WORKING DATA:
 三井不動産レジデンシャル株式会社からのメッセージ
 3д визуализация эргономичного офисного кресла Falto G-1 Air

* * *

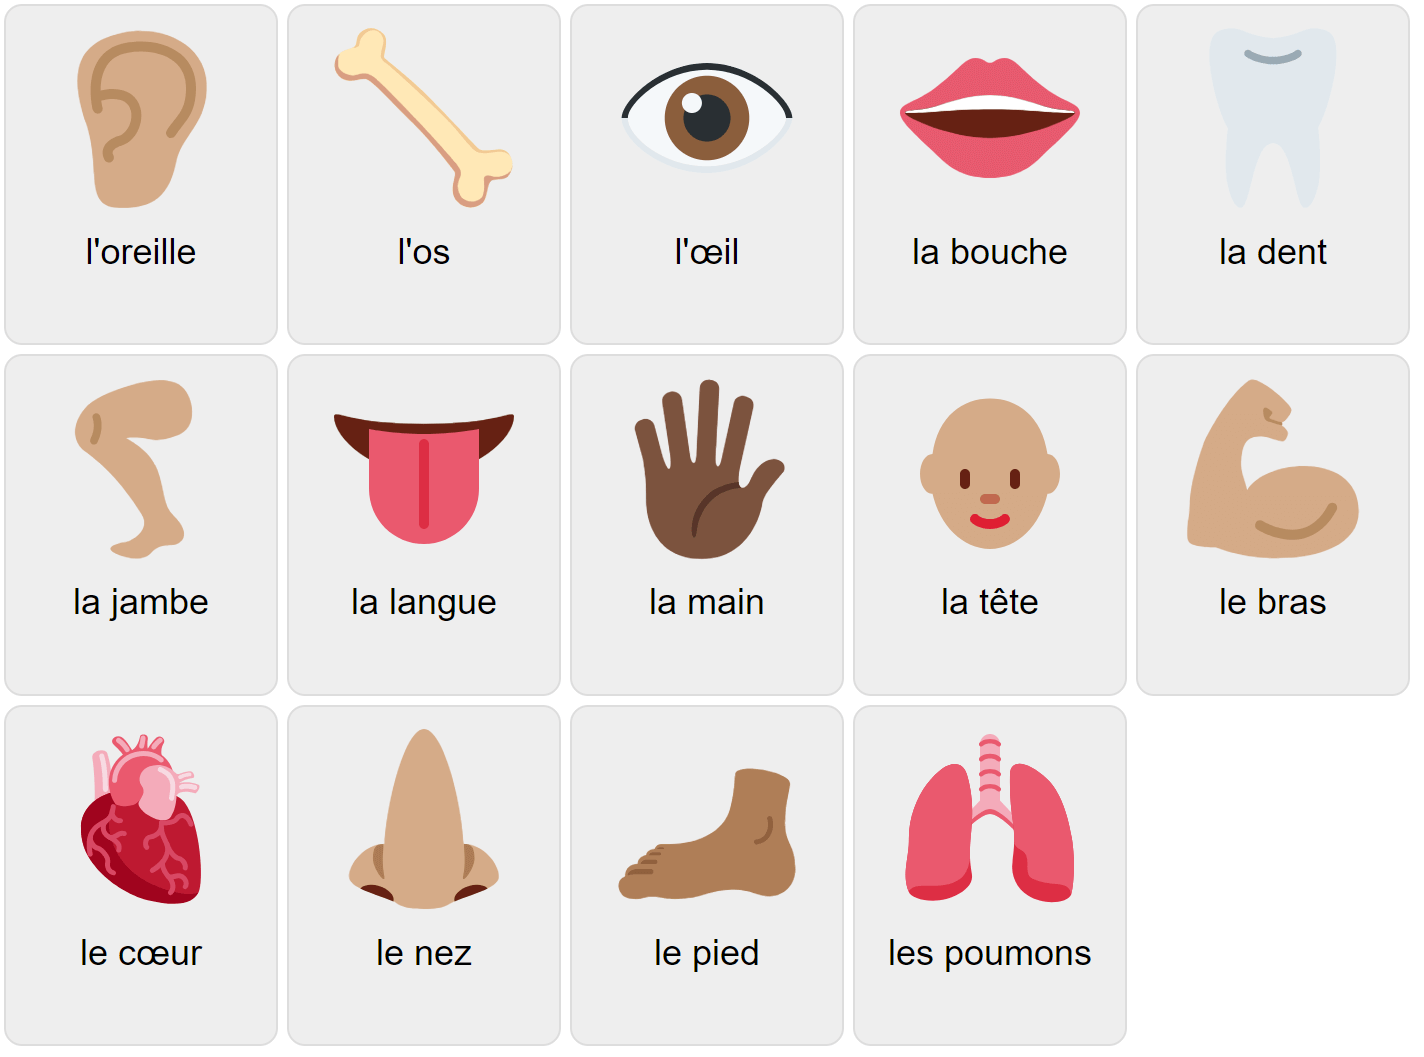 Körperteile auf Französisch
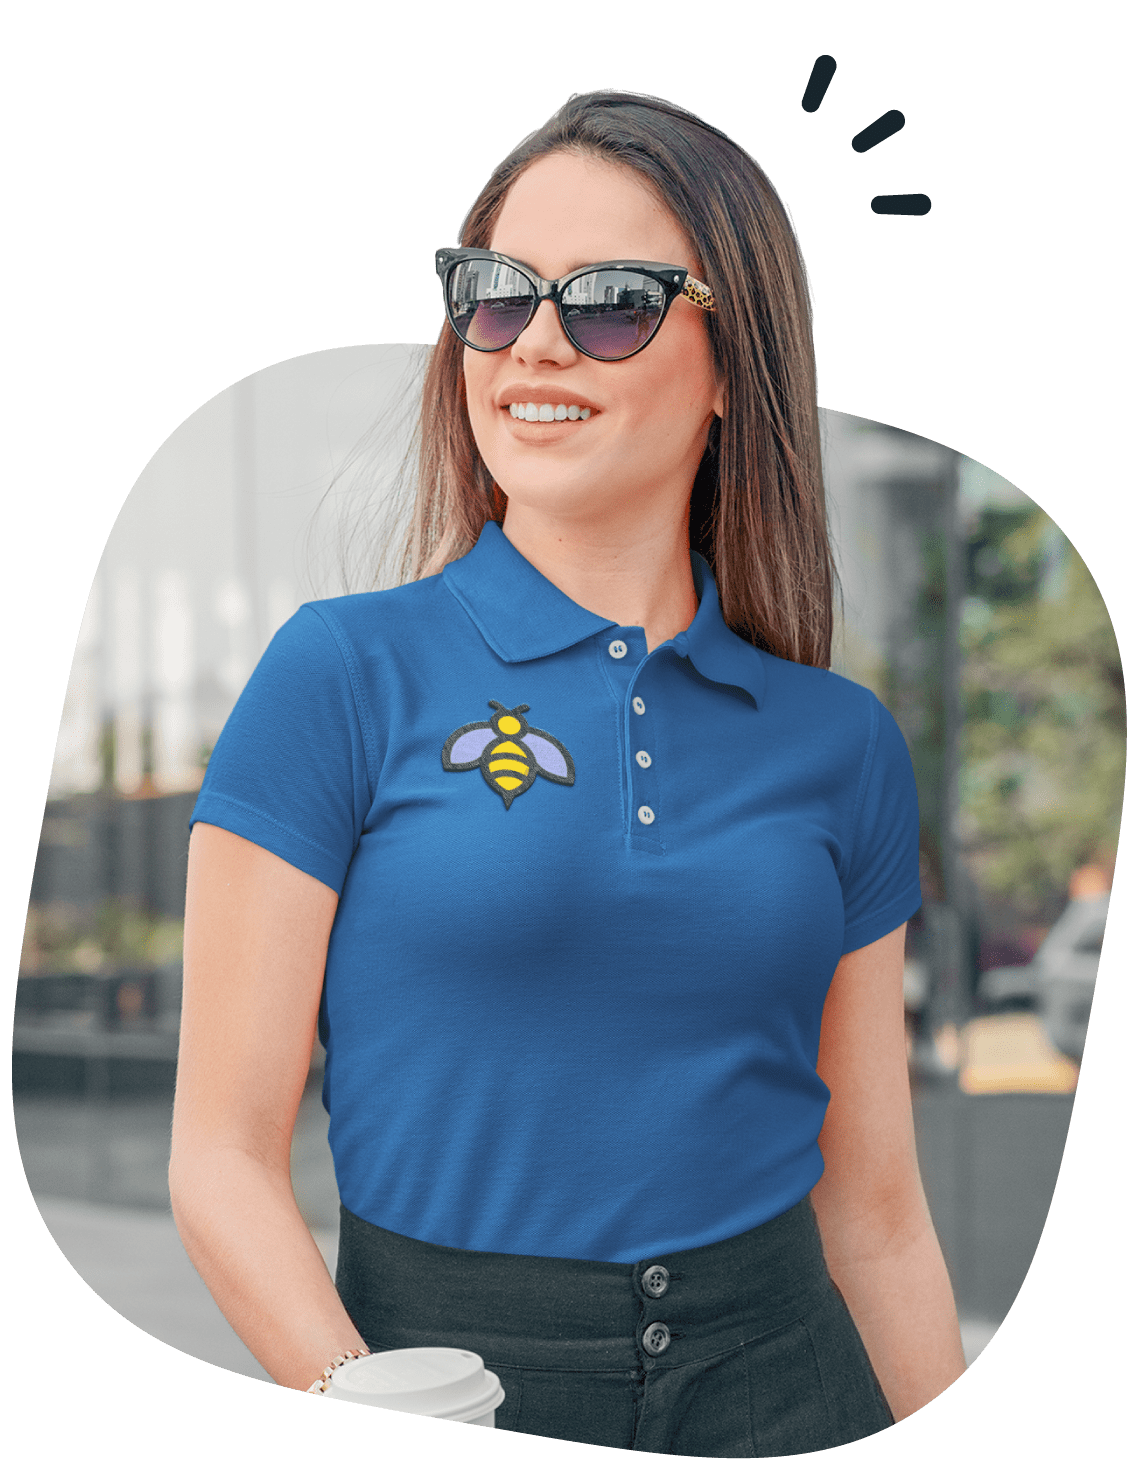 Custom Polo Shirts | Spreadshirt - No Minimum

* * *

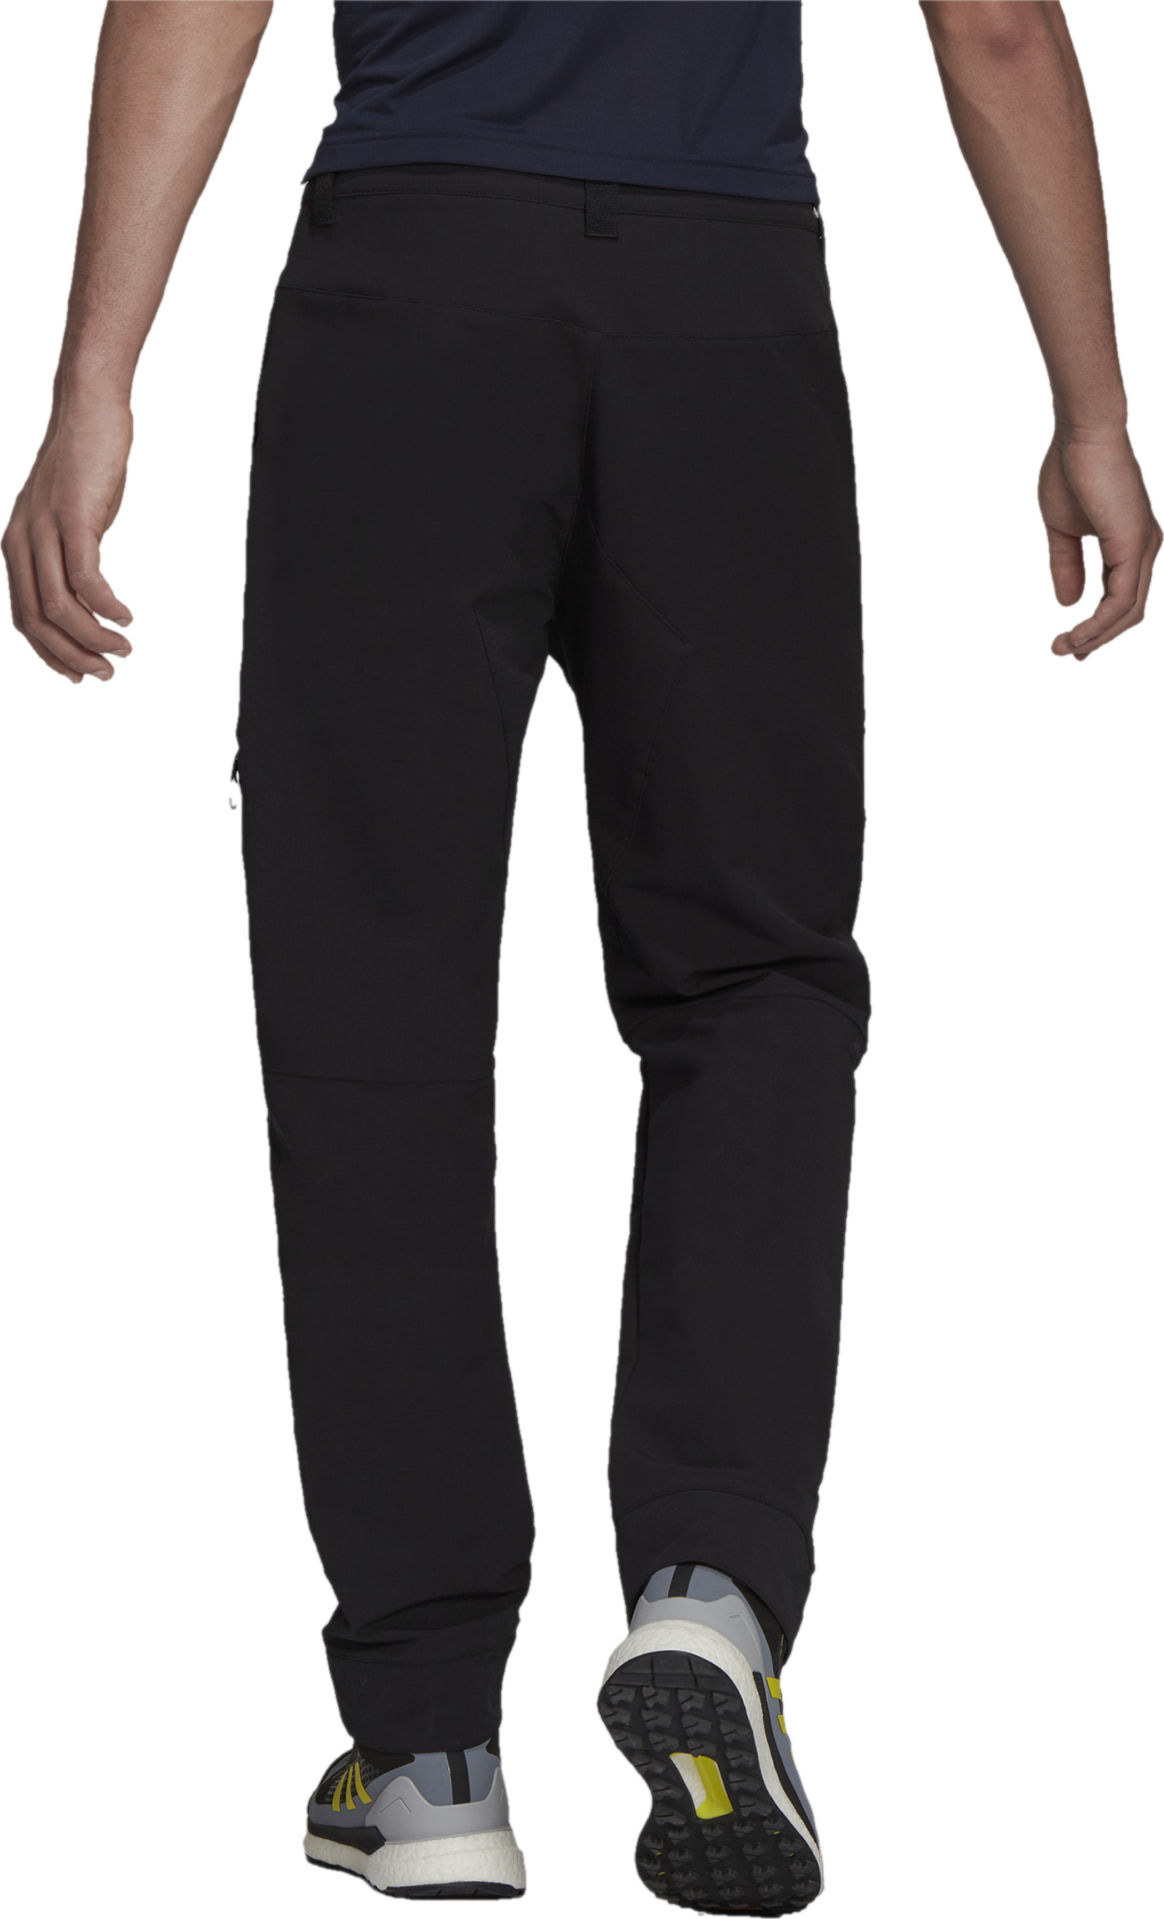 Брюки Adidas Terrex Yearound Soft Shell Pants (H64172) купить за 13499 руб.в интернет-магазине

WHAT TO DO: From the records above, transcribe exactly the lines starting at the one containing "Körperteile auf Französisch" and ending at the one containing "Custom Polo Shirts". Skip the pictures.

WORKED SOLUTION:
 Körperteile auf Französisch
 Custom Polo Shirts | Spreadshirt - No Minimum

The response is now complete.